Enquanto o Ministério Público Estadual prevê, entre outras coisas, que o engenheiro agrônomo filiado ao Crea-Pr deva diagnosticar e prescrever agrotóxicos para todas as propriedades, o Ministério Público Federal entende que esta função não deve se estender às pequenas propriedades. Embora o Decreto Federal 4.074/02 defina em seus artigos 64 e 66 que um profissional ''legalmente habilitado'' deva diagnosticar na propriedade qual agrotóxico será necessário aplicar, o MPF entende que ''não é atribuição do Crea realizar tal fiscalização''.
Uma Recomendação Administrativa, número 10 de 2006, do Ministério Público Estadual autoriza a fiscalização em todas as propriedades rurais do Paraná. A recomendação, publicada em 29 de agosto de 2006, cobra do Crea-Pr que os engenheiros agrônomos prescrevam agrotóxicos após vistoria na propriedade.
O MPF entendeu em um Agravo de Instrumento (medida judicial), publicado em 15 de junho de 2005, que ''a exigência do Crea/Pr apenas se mostra proporcional às atividades agrícolas de grande porte''. O MPE, entretanto, não quantifica o que seja uma ''propriedade de grande porte'', apenas diz, em alguns trechos, que propriedades com 1 hectare não precisariam do receituário agronômico assinado por um agrônomo porque praticariam a agricultura de subsistência, só para consumo próprio.

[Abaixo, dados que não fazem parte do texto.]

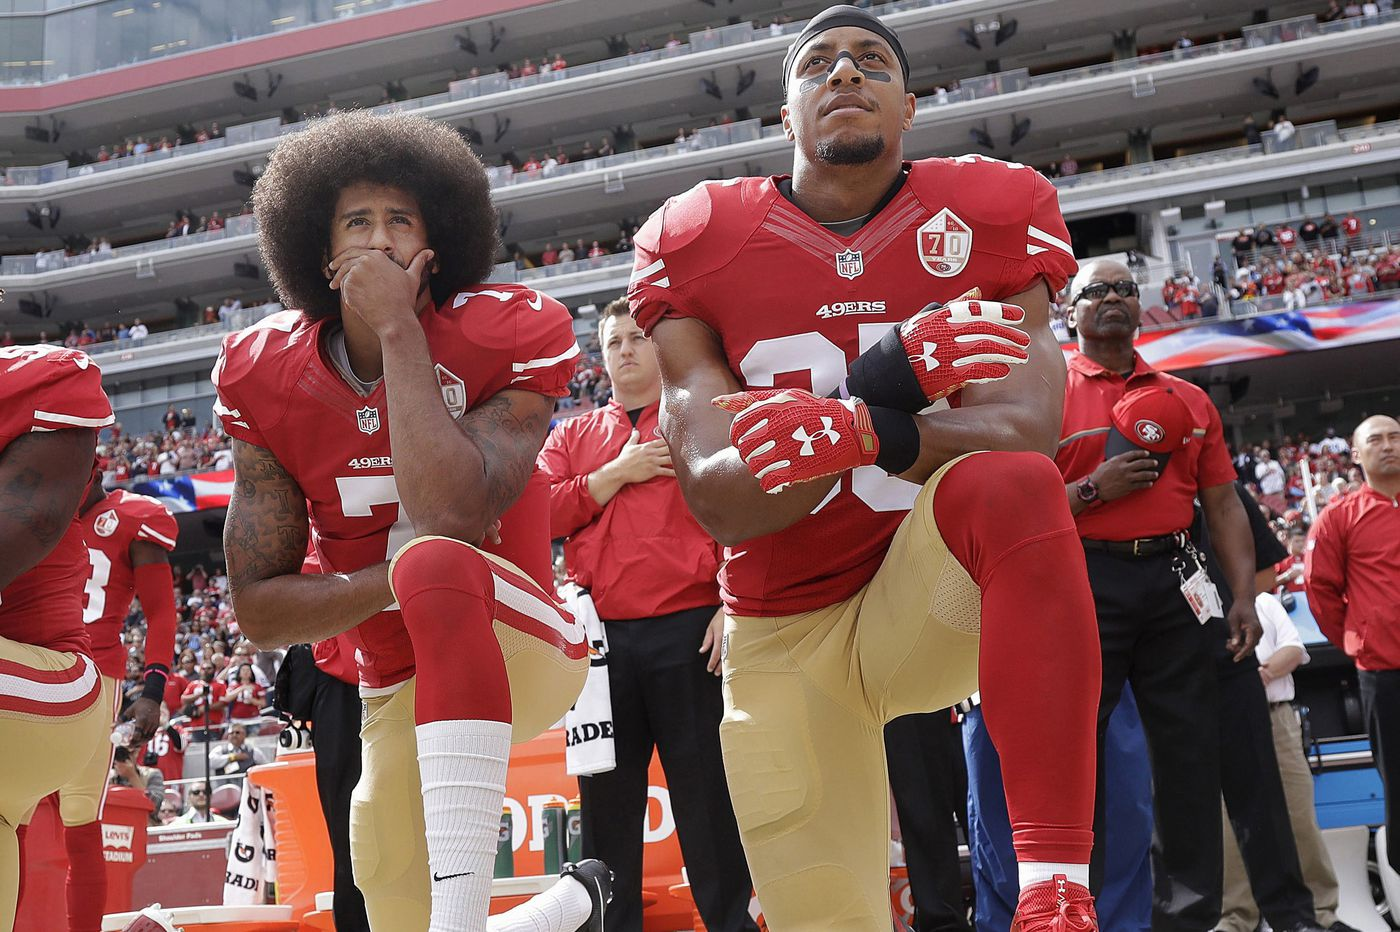 On Colin Kaepernick, burning Nikes, and the nature of the debate | David Murphy
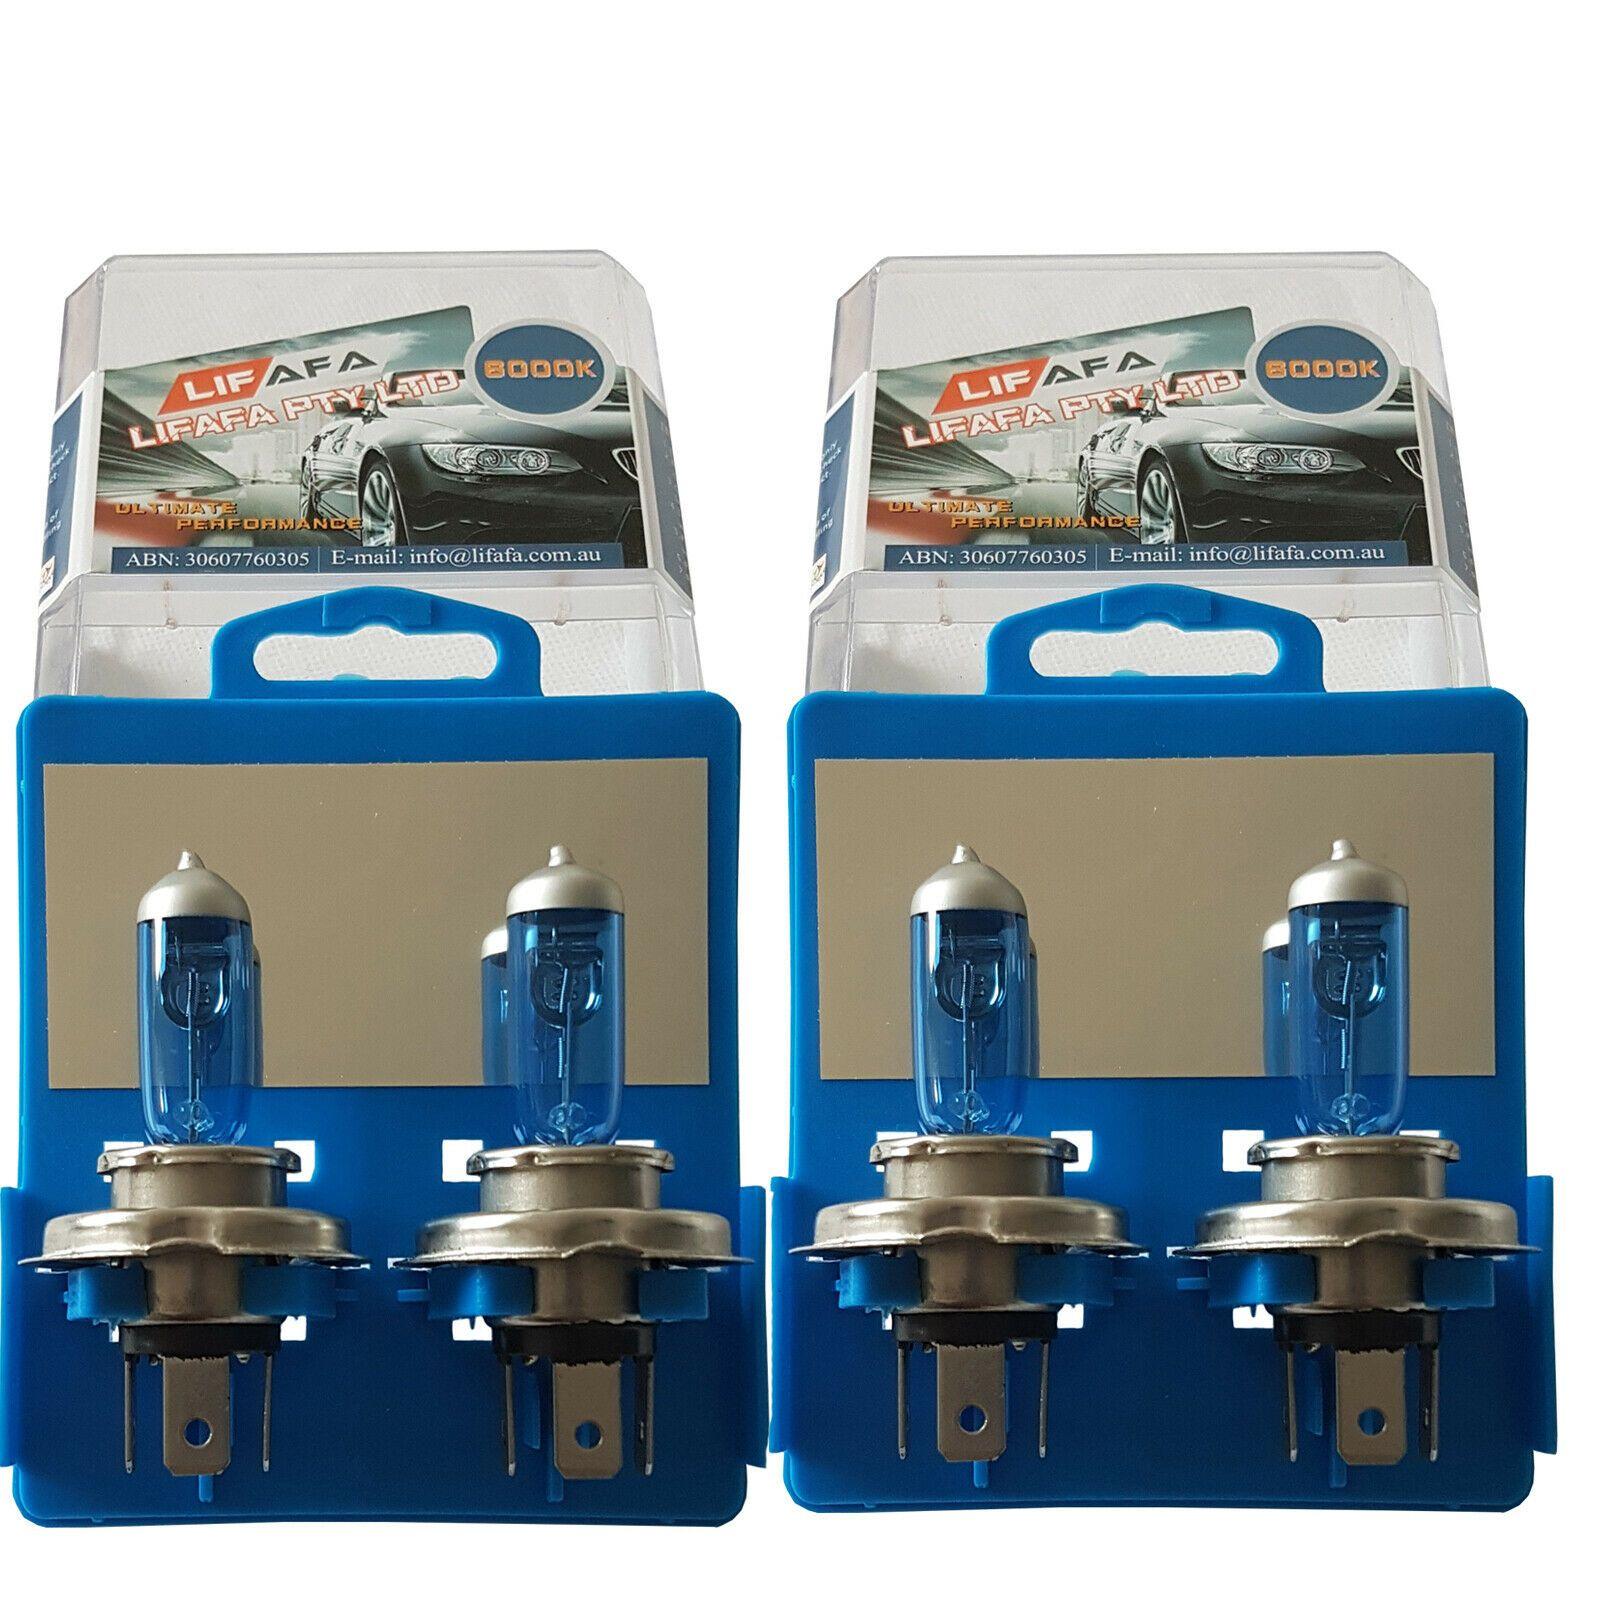 4x H4 55W 12V 5000K Head Light Globes Car Light Bulbs Halogen XENON Super White

O Crea-Pr apresentou os documentos do MPE e MPF à reportagem, que apurou a veracidade das referidas peças jurídicas no site da Justiça Federal e na declaração do Ministério Público Estadual sobre a existência da recomendação de fiscalização por parte do Crea-Pr. Pela constituição brasileira, o decreto federal se sobrepõe à recomendação do Ministério Público Estadual, portanto, pelos documentos apresentados, o Crea-Pr não poderia multar ou fiscalizar os agricultores. (E.P.F.)